Rubin’s (2006) perspective takes an alternative approach, attempting to create high-quality matches between treatment and control cases on all variables measured at baseline. Two recent developments in the technology of matching procedures have greatly improved the quality of matches that can be achieved. Historically, the number of variables on which high-quality matches could be achieved was limited because of the difficulty of finding cases that matched on several different variables. Rosenbaum and Rubin (1983) developed the idea of matching on the propensity score—the probability that the case would be in the treatment group based on measured background variables. They proved mathematically that if close matches between cases in the treatment and control groups could be achieved on the propensity score, the two groups would also be closely balanced on all baseline variables from which the propensity score was constructed. Propensity scores are typically created on the basis of a logistic regression equation in which the probability of being in the treatment group based on the measured covariates is estimated (see Schafer and Kang, 2008, for a discussion of available techniques). The distributions of each separate baseline covariate in the treatment and control groups can be compared to ensure that close matches have been achieved. Second, new optimal matching algorithms for pairing cases in the two groups maximize the comparability of the groups’ propensity scores (Rosenbaum, 2002). The central challenge for these modern matching procedures is ensuring that all important covariates related to both the treatment group and the outcome have been included in the construction of the propensity score. Otherwise stated, have “identical” units been created by the matching procedures?
Wu and colleagues (2008a,b; see also West and Thoemmes, 2010) used these procedures in a study of the effect of retention in first grade on children’s subsequent math and reading achievement. Based on input from subject matter experts, they measured 72 variables at baseline believed to possibly be related to retention, achievement, or both. Propensity scores were constructed using logistic regression. From 784 children who were below the median at school entrance, 97 pairs that were closely matched on the propensity scores were constructed using optimal matching procedures. Figure E-3 shows that the distribution of the retained and promoted groups on propensity scores became closely balanced following the use of the optimal matching procedures. The use of propensity scores helps rule out the possibility that preexisting differences (selection bias) between the groups could account for the results obtained.
The central challenge of the propensity score procedure is ensuring that the groups have been closely balanced on all important covariates. For example, matching on a few demographic variables is unlikely to represent fully all of the important baseline differences between the groups (Rubin, 2006). Checks on the balance for each individual covariate can be performed, and propensity scores can be reestimated or specific controls for unbalanced covariates included in the statistical models. Finally, researchers can conduct sensitivity analyses to explore how much the results would change if important covariates were omitted from the propensity score model.

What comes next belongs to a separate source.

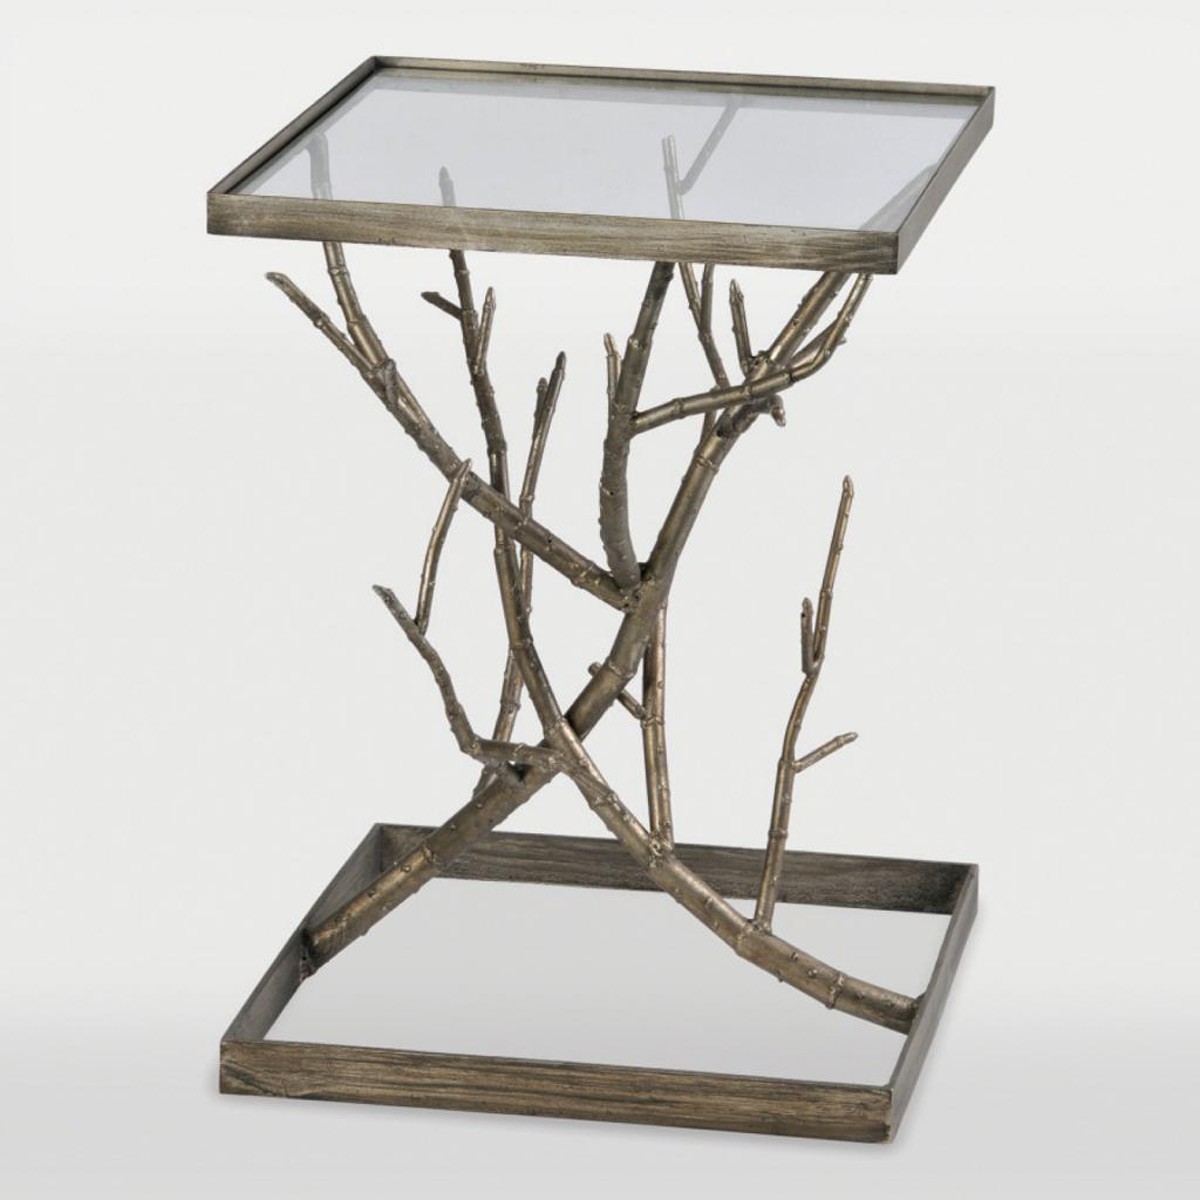 Ren-Wil Synthesis Accent table - Antique silver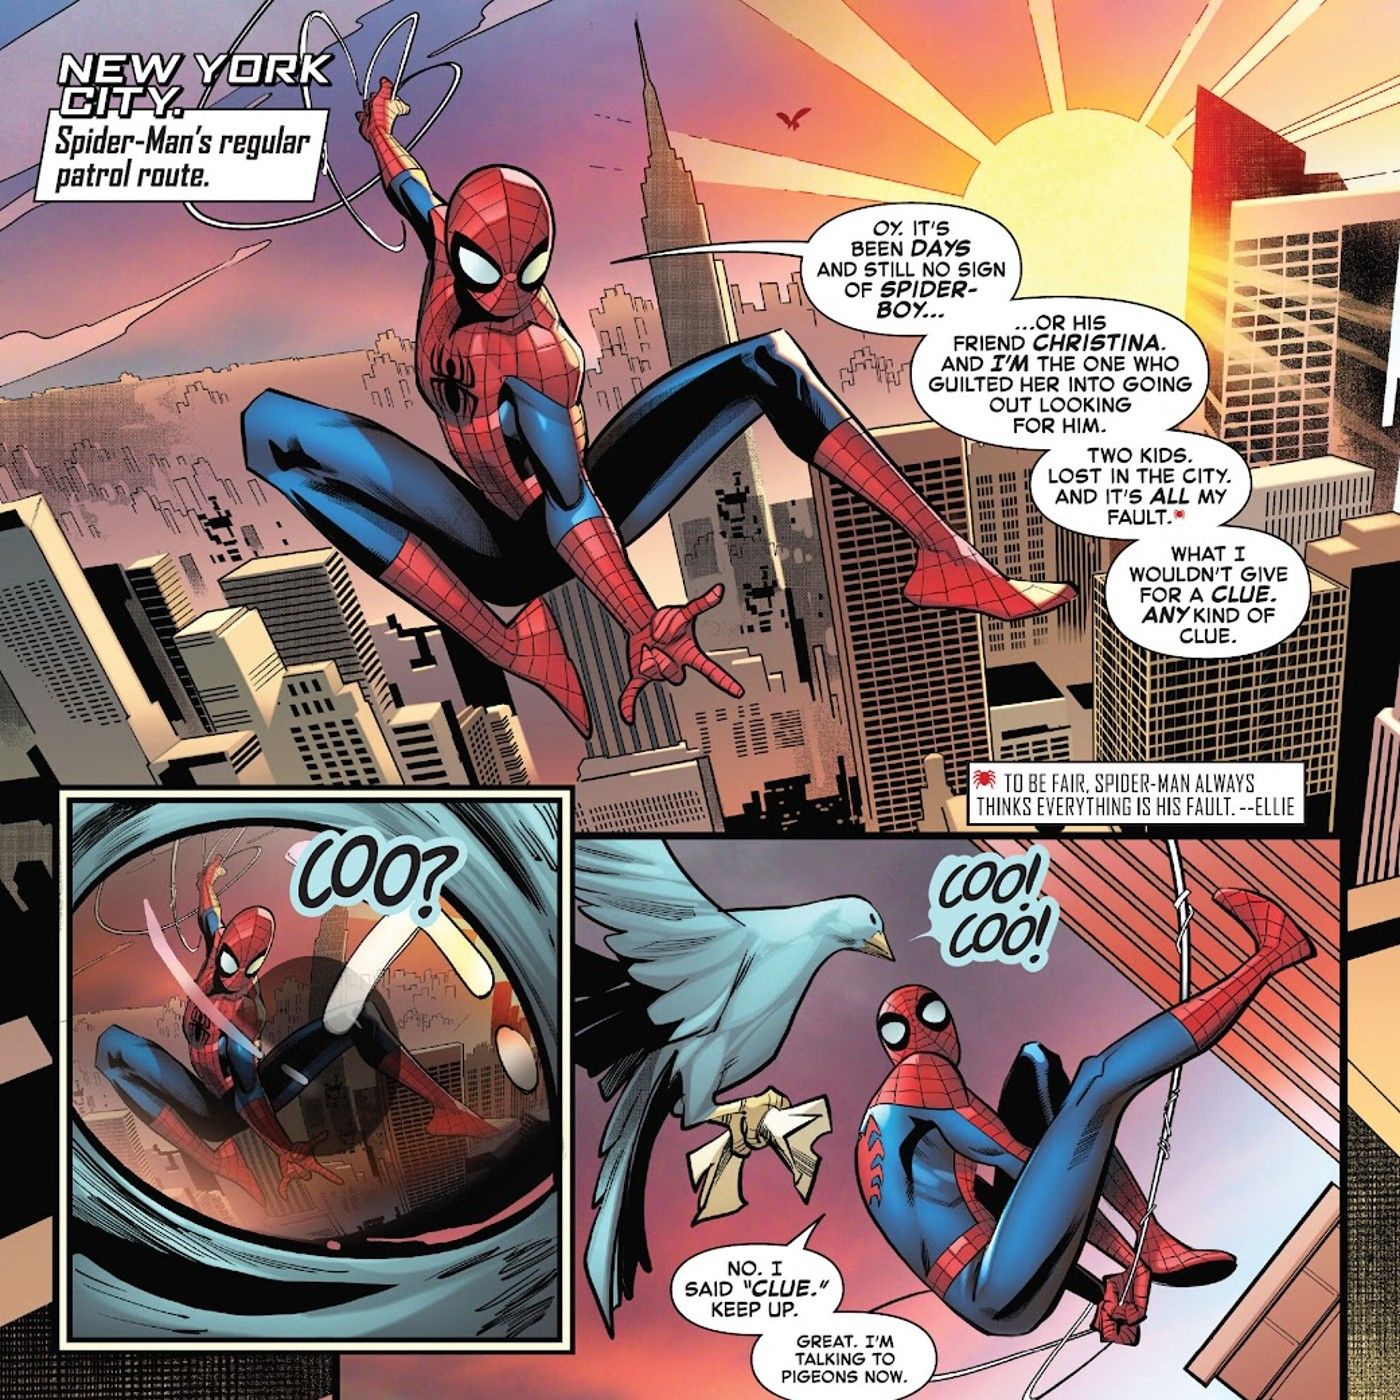 A pigeon helps Spider-Man look for a clue in Spider-Boy #7.

Sometimes researchers believe that designs involving a pretest (baseline), a treatment, and a posttest (outcome) measure are sufficient to evaluate the effects of interventions. Such designs are attractive because of their ease of implementation, but they are far weaker in terms of causal inference than experimental and quasi-experimental designs. Campbell and Stanley (1966) present these designs in detail, considering them in a separate, weaker class of “pre-experimental” designs. The following threats to the level of certainty (internal validity) characterize the pretest–posttest design
History—Some other event unrelated to the treatment occurs between the pretest and posttest that could cause the observed effect in the absence of a treatment effect.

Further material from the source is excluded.